The Living Dead 2 (The Living Dead, #2)(60)



“Real soon.”





“We caught a couple of them today, working their way up the creek,” Vance said over the radio. “They were eating weeds and cactus, anything they could find.” He sounded tired. He’d been gone for only a day but already he’d covered ten square miles. He was pushing himself and his people hard, which made me nervous. “Honestly, Darcy, I didn’t expect to see even one out here. But I’m worried these might just be stragglers from a larger group.”

“How so?” I asked. I spooned cold baked beans onto a plate for Candy, the walkie-talkie cradled between my ear and my shoulder.

“One of them was wearing a business suit. One sleeve was torn off but his tie was still knotted around his neck. He didn’t look like a rancher or a tourist. He looked like somebody who belonged in a big city. I’m worried that we’re seeing people from Tucson.”

I stopped what I was doing and put down the spoon, careful not to spill any food. “That—would be bad,” I said.
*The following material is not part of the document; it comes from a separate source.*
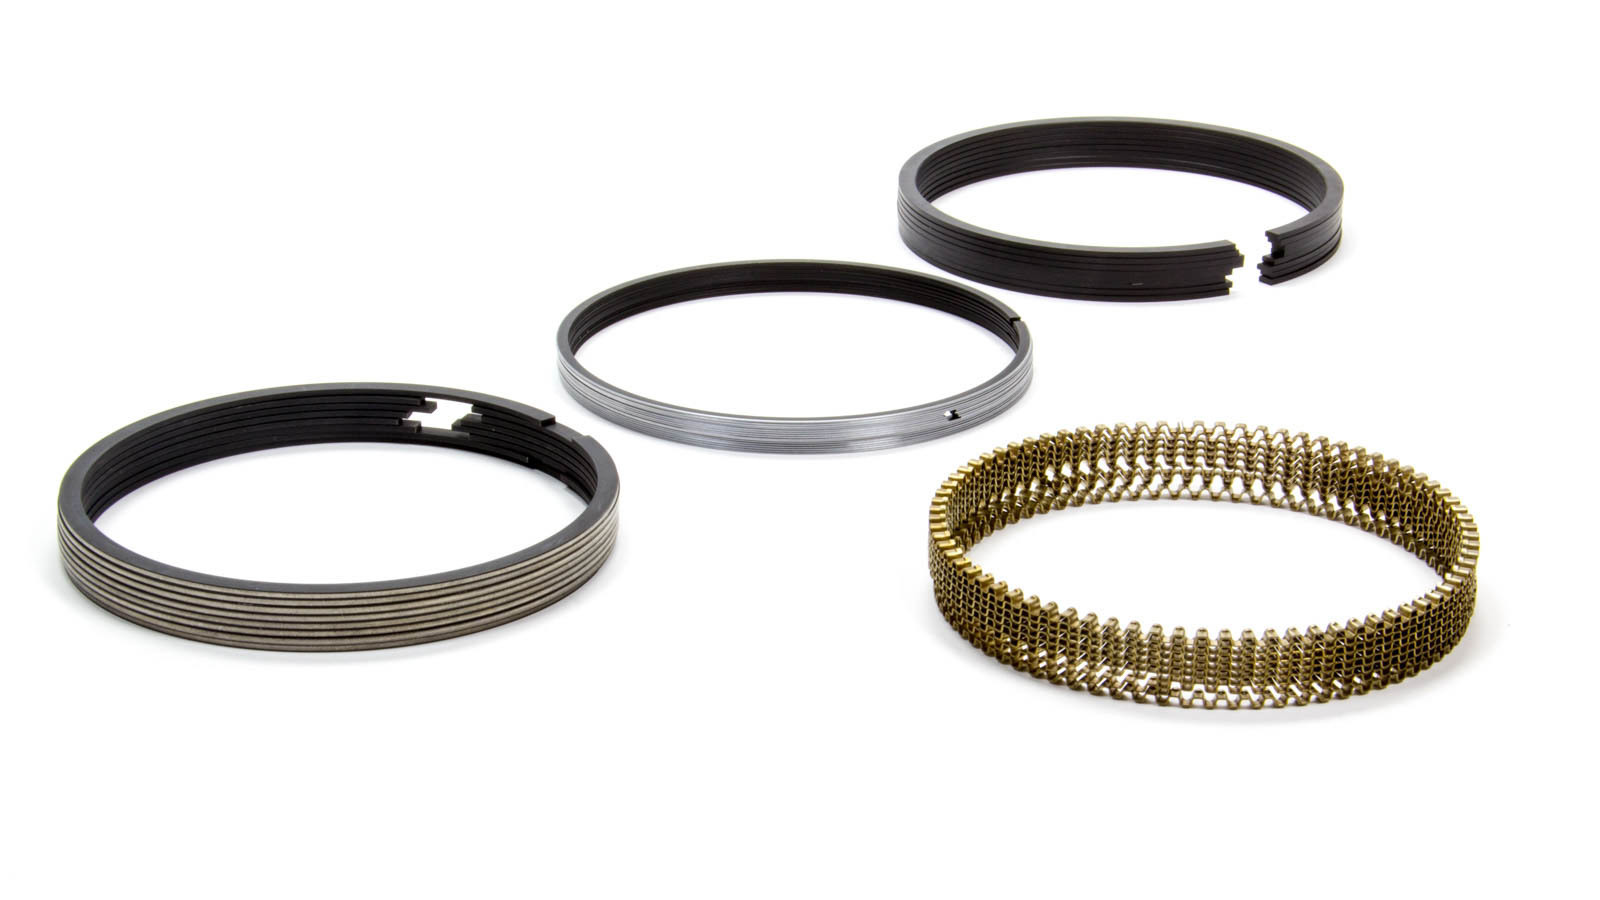 Piston Ring Set 4.125 Classic 1/16 1/16 3/16

When it happened, when the dead came back to life, most people in this part of the country lived in the big cities. There were millions of them packed into small geographical areas. That just meant that when the end of the world came, there was more food for the dead. They rarely ventured out into the desert, which is why we had made our home there. But we had always considered the possibility that the city dead would eventually exhaust their food supply and start wandering out into the country looking for more. The dead are always hungry, and they don’t sleep.

“It’s too soon to start panicking,” Vance told me. “How are things back on the home front?”

“Fine,” I said, steeling myself. He was right, there was no need to get worried—yet. “Finster’s been a perfect gentleman. Simon took apart the cash register and now it’s in pieces all over your office. He says he wants to build an electric water heater so we can have hot showers.”

“It would be nice,” he sighed. “All right. I’ll check in eight hours from now.”

“I’ll be listening.”

Candy picked up a finger full of beans and put it in her mouth. I watched her face, curled up in concentration. She was still learning such basic things—like how to feed herself. I smiled and she smiled back, then ate some more.

I stood the next watch, during which nothing happened. Candy played quietly while I walked back and forth on the roof of the motel, making long circuits from the rooms back to the reception building to the poolhouse, keeping my eyes open, keeping moving so I didn’t fall asleep. The red rocks beyond the fence never changed, and nothing moved. A breeze picked up for a while, which was kind of nice.

When my watch ended, I sank down in a folding chair and sucked some water out of a bottle. Finster climbed up behind me and just stood there for a while, not saying anything, just looking out at the horizon. I wondered if he was looking for Vance, the way I had been for hours.

Then he put his hands on my shoulders and started to rub. “You’re tense,” he said. “Worried about them?”


“Yeah.” I reached up to push his hands away. Then I stopped myself. If something happened, if Finster made a pass, would that be so bad? It would help pass the time. And it had been a very long time since anyone touched me like that. There had been a time when I’d gotten too much male attention, when it had been a drag. But that was Before.

It wasn’t like Vance was responding to my veiled hints, after all.

I started leaning my head back, eyes closed, letting things happen. The tension of eighteen months started draining out of me.

Which, as we all know by now, is exactly when the bad things happen. This time, it was the radio squawking. I sat up straight and grabbed for the walkie-talkie.

“We’re coming back fast,” Vance said. There was a lot of static and he was barely whispering, but my heart raced as I made out his words. “Get everything you can into the backpacks. We’re going to have to bug out.”

“What did you find?” I asked, whispering myself. Behind me Finster crouched down to try to hear better.

“About fifty of them, all coming up the same canyon. They’re spread out pretty loose, and I think I haven’t seen them all. There’s probably more. Probably a lot more. This is Tucson. Go, now. Get things ready—we won’t have time to pack when I get back.”

“Understood,” I said, and signed off. I turned to face Finster. His face was as white as—well, as white as a dead guy’s. “Let’s move,” I told him.





We cracked open one of the motel rooms we used as cold storage and found the back packs waiting for us on an unmade bed. Ten of them, still half-full of stuff we never bothered to unpack. Bottles of purified water, bags of beef jerky and boxes of hard crackers. Canned food is heavy and if you’re carrying your supply on your back it slows you down. Into each pack we put survival gear, camp stoves, thermal blankets, first aid kits. Knives, lots of knives and other basic weapons. As much water as we could shove into the packs. If we were going to walk across the desert until we found another safe place we would need a gallon per day per person. There was no way we could carry enough, but the supply we had would just have to do.

Finster and I didn’t talk while we worked. Candy was slung on my back, fast asleep. She learned how to do that very early on. When Mommy’s busy, you just go to sleep—that’s a survival strategy. Good girl.